Я надеялся на том и закончить разговор, но мама удержала меня.
— Давние привязанности однажды осточертевают, — сказала она, как мне показалось, безапелляционным тоном. — Что-то в них перебраживает. Надо время от времени расширять круг связей, освежать контакты с людьми. Ты, по-моему, не умеешь это делать.
— Наверно, не умею, — искренно согласился я.
Сейчас меня притягивали именно давние связи, я вновь сходился, например, с Алешей Салтыковым. Похожую потребность, наверное, испытывал и он. Он производил впечатление немного приуставшего человека, нуждающегося в ком-нибудь, кому он мог бы пожаловаться на свои неурядицы и заботы: запорол фундамент, неудачно перевел бригаду на подряд, голова звенит, как ЭВМ на форсированном режиме, и так далее, и тому подобное.
— Но все это чепуха, — сказал он, перечислив служебные заботы. — От меня, брат, Наташка ушла.
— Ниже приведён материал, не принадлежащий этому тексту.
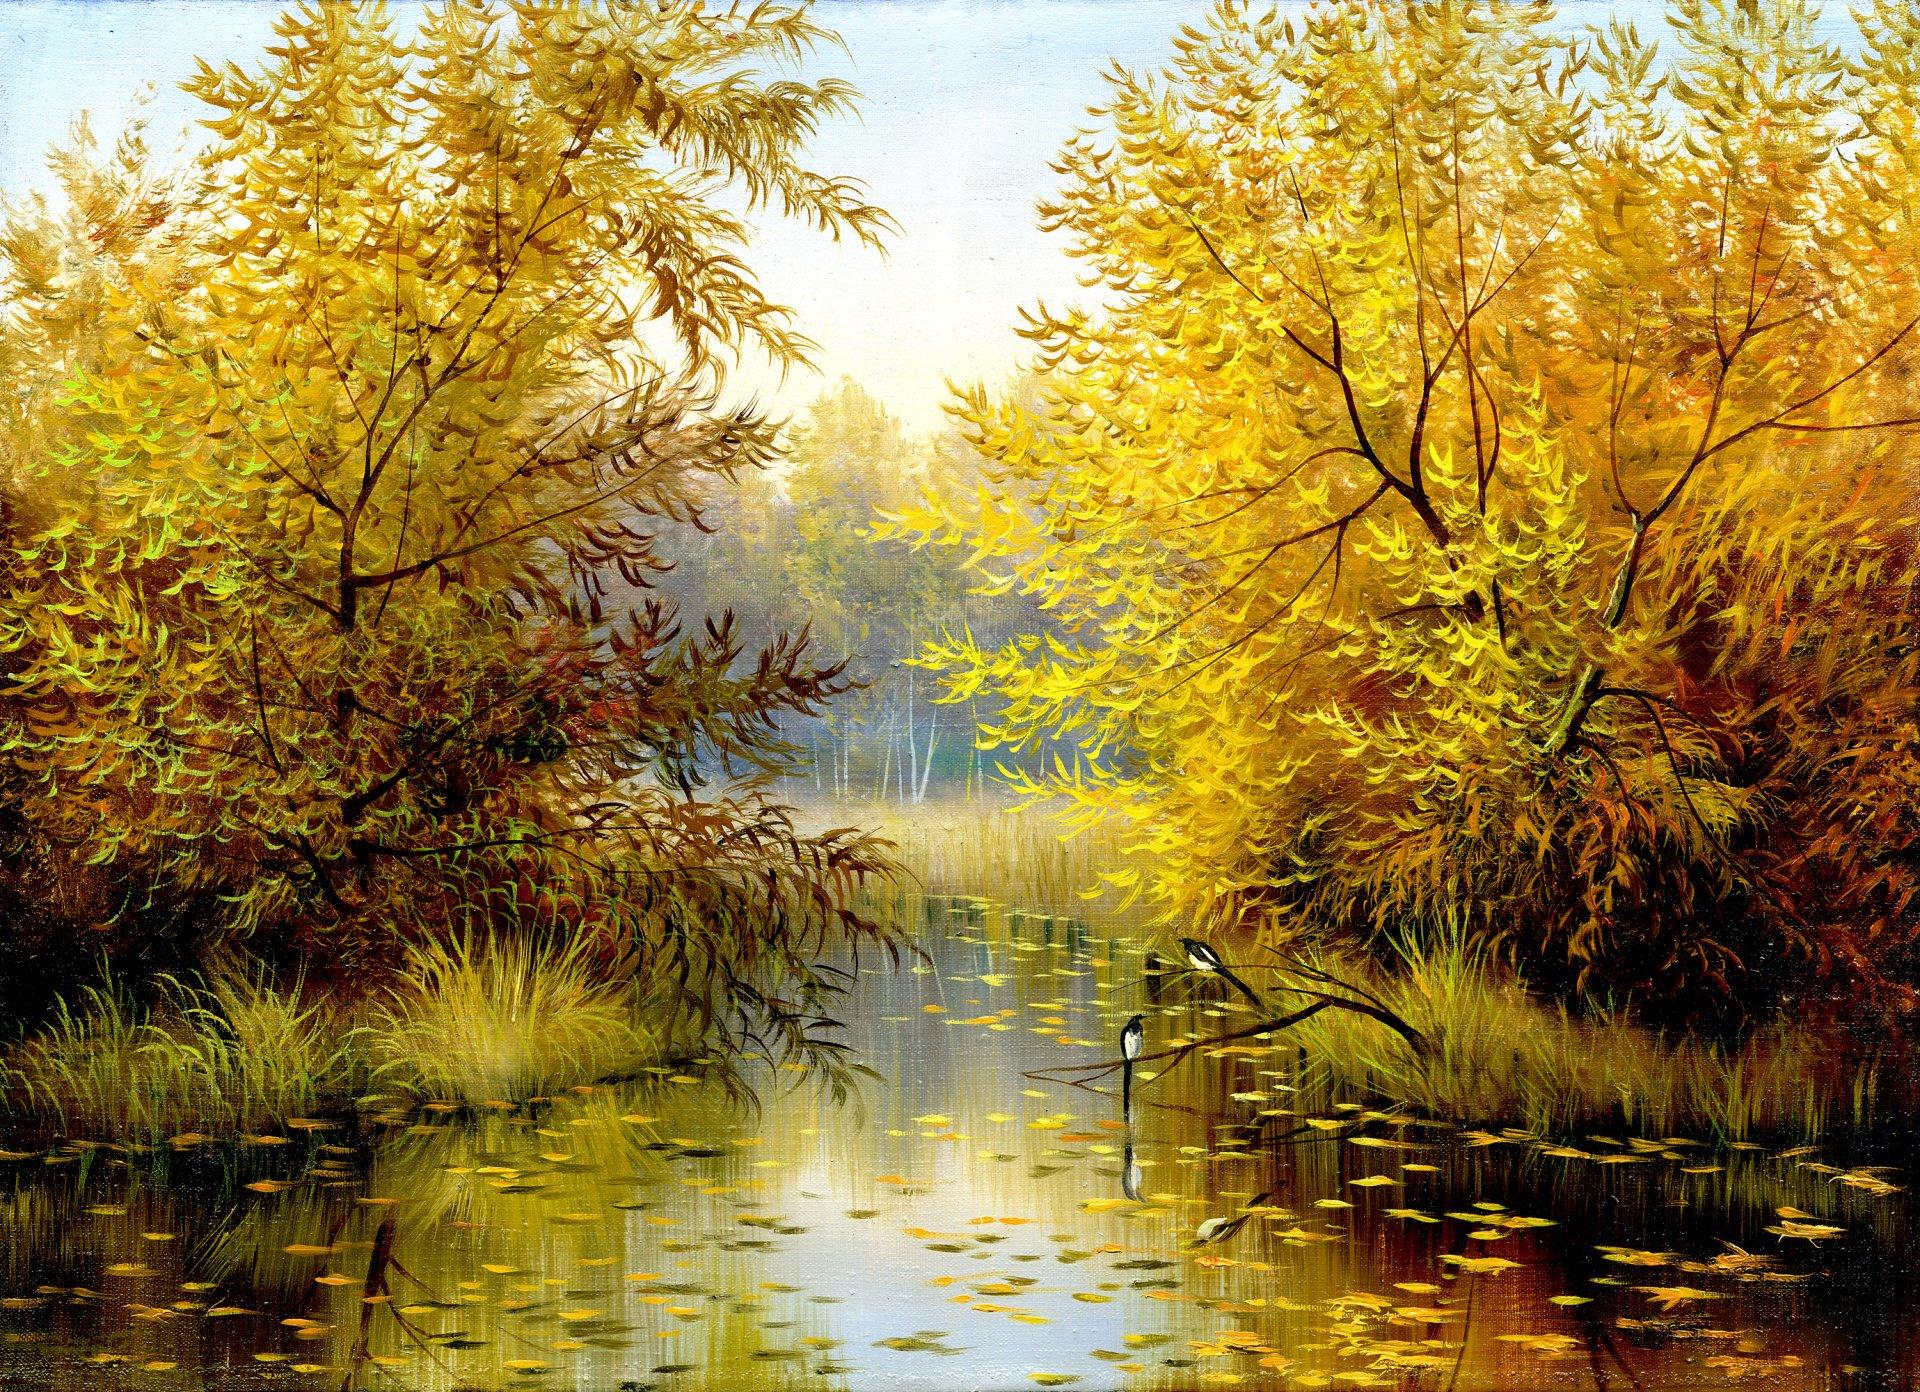 Винсент Ван Гог Жизнь и творчество работы художника

Бросила, как сукиного сына, на произвол судьбы. Один как перст. Я доконал ее терпение своим стремлением к идеальному семейному содружеству. Дружная семья для меня верх человеческих отношений. Еще ребенком я мирил папу с тетей, тетю с мачехой, потом мачеху с папой. Тетя умерла вот уж восемь лет назад, мачеха в прошлом году. Вика тогда же поступила в библиотечный техникум. Мы поделили нашу громадную квартиру, и отец, к великому своему удовольствию, получил отдельное жилье, которое превратил в крепость, дабы ни сын, ни дочка не досаждали своими заботами. Он полон сил и здоровья и живет второй жизнью. Да, не воспоминаниями о прошлых деяниях на руководящем посту, о любви и семейном счастье — он живет второй жизнью. Представляешь, занимается живописью, ездит на спортивном велосипеде с этюдником, в остальное время гуляет по парку, флиртует с пенсионерками и пьет пиво.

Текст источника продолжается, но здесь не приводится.